Table 4 Summary for variance accounted by principal components

Data quality

Before doing further analysis, it is important to know the quality and nature of the data in order to find the appropriate method and make inference. We can study the quality and nature of the data by checking for outliers and distribution type (usually normality) respectively. Since principal factor is a linear combination of all variables with some loadings, assessing for principal factor is the reflection of assessing variables. Hence, our focus is to know what nature does principal factors have.

Q–Q is used to plot to check the normality of principal factors and T-chart to assess outliers in the data set.

From Fig. 6 Q–Q plots suggest that some of the principal factors are approximately normally distributed (i.e., principal factors in plot 2, 3, 5, 6), whereas some of them show some divergences (those are principal factors in plot 1, 4 and 7), this implies that they are not far from normal distribution. So, working with them can bring relevant inference for the population parameters.

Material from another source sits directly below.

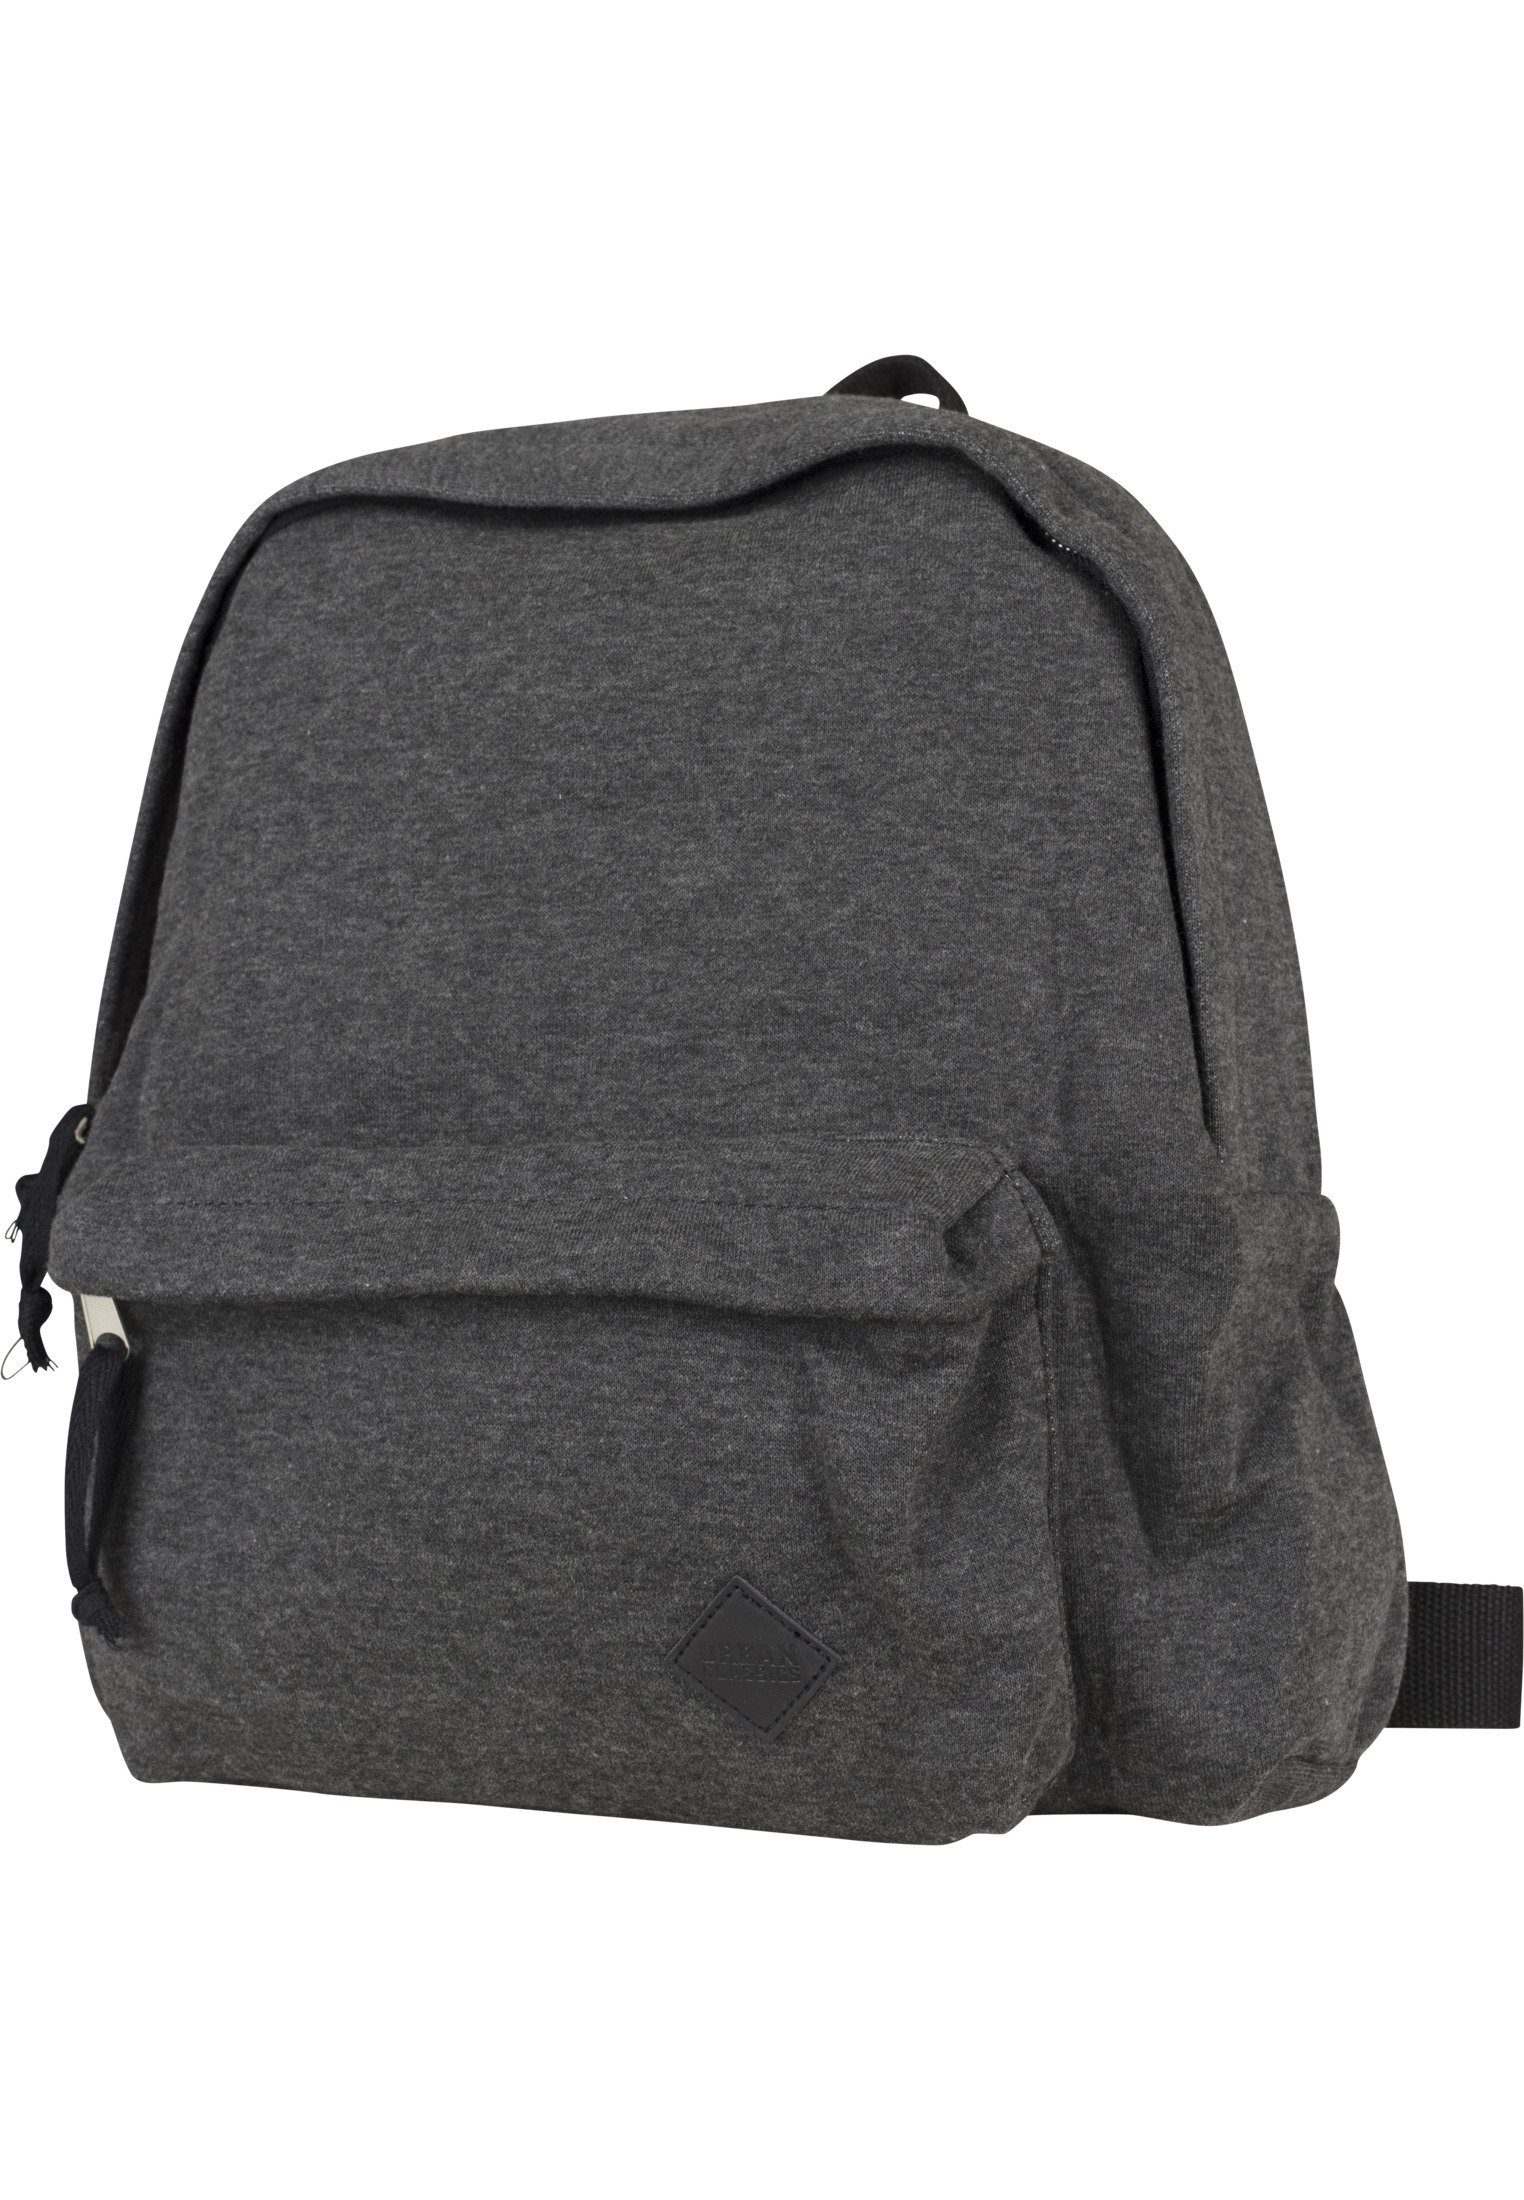 Sweat Unisex CLASSICS charcoal/black Rucksack Backpack URBAN

From the result of T-chart Table 6 it is observed that countries, like, Niger (NER), South Africa (ZAF), South Sudan (SSD) have extraordinary values and Equatorial Guinea (GNQ), Libya (LBY), Swaziland (SWZ) have suspected values which have T-chart greater than \(\chi_{0.05, 7}^2 =14.067\) with 95% confidence. Figure 6 plot 8 graphically shows this result. Therefore, the data from these countries need to be checked, because outliers can occurred due to coding errors, respondent errors or large true values.

Table 5 Summary table for principal factors
Table 6 T-Chart for countries based on principal components
Fig. 6
figure 6

A matrix plot represents: the first 7 plots for Q–Q plot of the first 7 principal components, orderly, and the last two plots (plot 8 and 9) are T-Chart plot for countries based on principal factors

Cluster analysis

A cluster analysis were used for grouping objects or variables without having any prior information or hypothesis on the number, elements and structure of the groups.

Cluster analysis is classified into two types, Hierarchical cluster analysis and Non-hierarchical cluster analysis.

Hierarchical cluster analysis is one of the preferable methods in determining the number of clusters and suggesting an initial elements of the cluster. In this analysis, average linkage, Ward’s method and its bootstrap extension from the types of Agglomerative Hierarchical Cluster are used.

On the other hand Non-hierarchical clustering techniques are used to cluster countries or identify elements of the cluster based on the the number of clusters obtained from hierarchical cluster analysis. Here one of the Non-hierarchical cluster analysis called K-mean clustering is used to determine elements of the clusters in addition to the considered Agglomerative Hierarchical methods.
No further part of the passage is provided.